The current health and long-term services and supports system is not structured to fund the delivery of evidence-based interventions (Gitlin et al., 2015). However, there are a few instances of evidence-based interventions for people with dementia and their caregivers that have found ways to obtain ongoing funding. For example, three home health care agencies and two private agencies obtained Medicare reimbursement for the Skills2Care intervention, and the National Family Caregiver Support Program funded the delivery of Skills2Care in five Area Agencies on Aging (Maslow, 2012). Securing such financial support can be time consuming, and maintaining funding can require ongoing efforts by researchers and others. After initial federal funding ended, ADSSP interventions were most commonly sustained through Titles III-D (Disease Prevention and Health Promotion Services) or III-E (National Family Caregiver Support Program) of the Older Americans Act (Gould et al., 2017; Maslow, 2012). In most cases, Medicare, Medicaid, and commercial insurance reimbursement is not available.


Strategies to Improve Translation and Dissemination

Because interventions may be more effective at a specific disease stage or for groups of people, it can be difficult to know which intervention to use for specific people with dementia or their caregivers (Gitlin et al., 2015; Maslow, 2012). An intervention classification system would allow for a better understanding of the programs, similarities and differences between programs, and help identify research gaps (Gitlin et al., 2015; Maslow, 2012). A classification system could include categories for what is involved in each program, the target population for each, and the types of issues addressed (Maslow, 2012). Beyond a classification system, research is warranted on which groups of people with dementia could benefit from these interventions, such as those with early-onset dementia, late-stage dementia, non-Alzheimer's dementias, racial and ethnic minorities with dementia (Maslow, 2012), and individuals with intellectual and developmental disabilities (Courtenay, Jokinen, &Strydom, 2010).

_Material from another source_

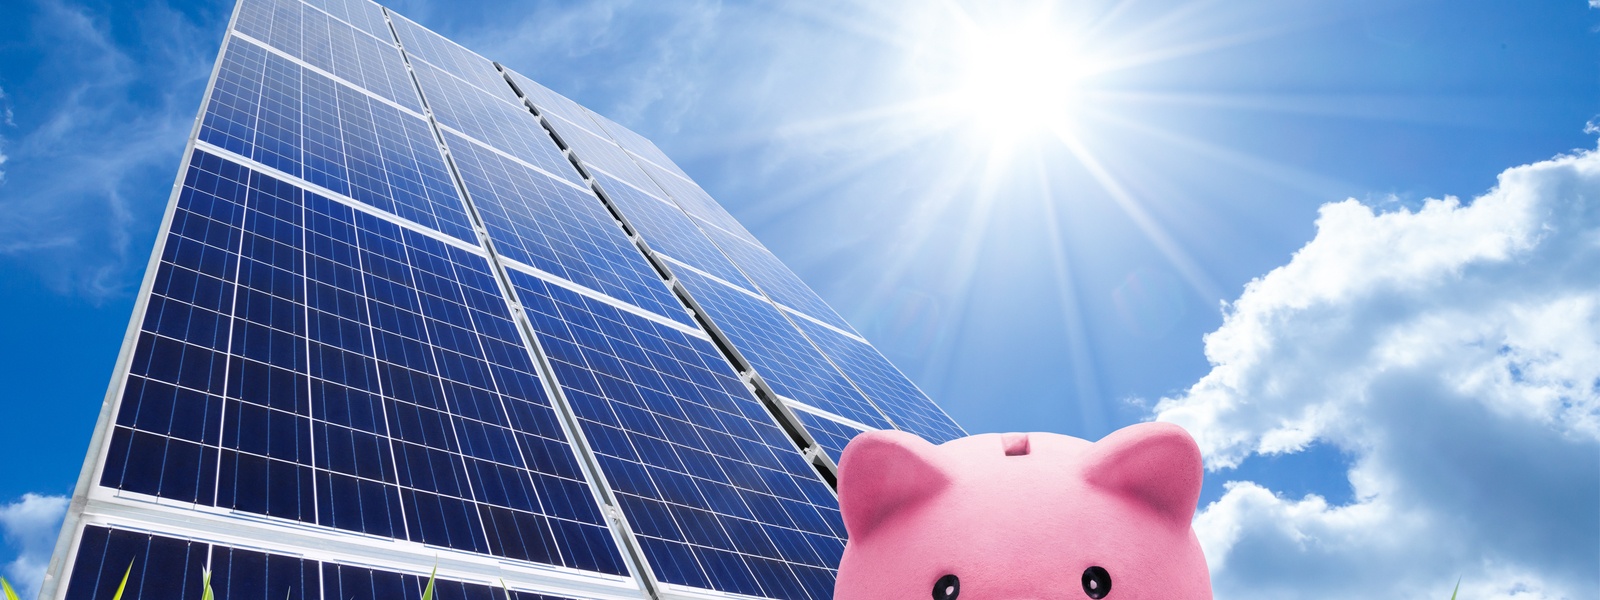 Does switching to solar power really save money in the long run?

An important focus for the future is creating replication guides that allow communities to implement interventions. Reports on effective interventions for people with dementia and their caregivers often do not include enough information to replicate the intervention in the community, so translation is difficult (Gitlin & Hodgson, 2015).

Finally, although many academic studies focus on "soft" impacts, such as caregiver burden, fewer studies assess "hard" impacts, such as reduced hospitalization, emergency room and nursing home use. These aspects of programs are important in translation research to determine the financial feasibility of each intervention and to appeal to future funders, such as health systems and health plans (Gitlin et al., 2015).



Moving evidence-based interventions for people with dementia into communities requires several steps. Translation studies help to determine if evidence-based interventions that have shown effectiveness in a research setting can show similar results in communities. To translate such interventions, factors include funding, collaborating with community organizations, modifying the intervention to fit real-world settings while also staying true to the original intervention, and evaluating results. Although evidence-based interventions for people with dementia and their caregivers have shown positive effects, to date they have not been widely translated into community-based settings.

Specific research on evidence-based interventions as they relate to specific groups of people with dementia and their caregivers is lacking. Future research efforts could include identifying subgroups of people with dementia who could benefit from these interventions. Development of a classification system for evidence-based programs could also help advance the field. Such a classification system could allow for a more complete understanding of evidence-based interventions that are most beneficial to people with dementia in various stages of the disease and with differing life circumstances.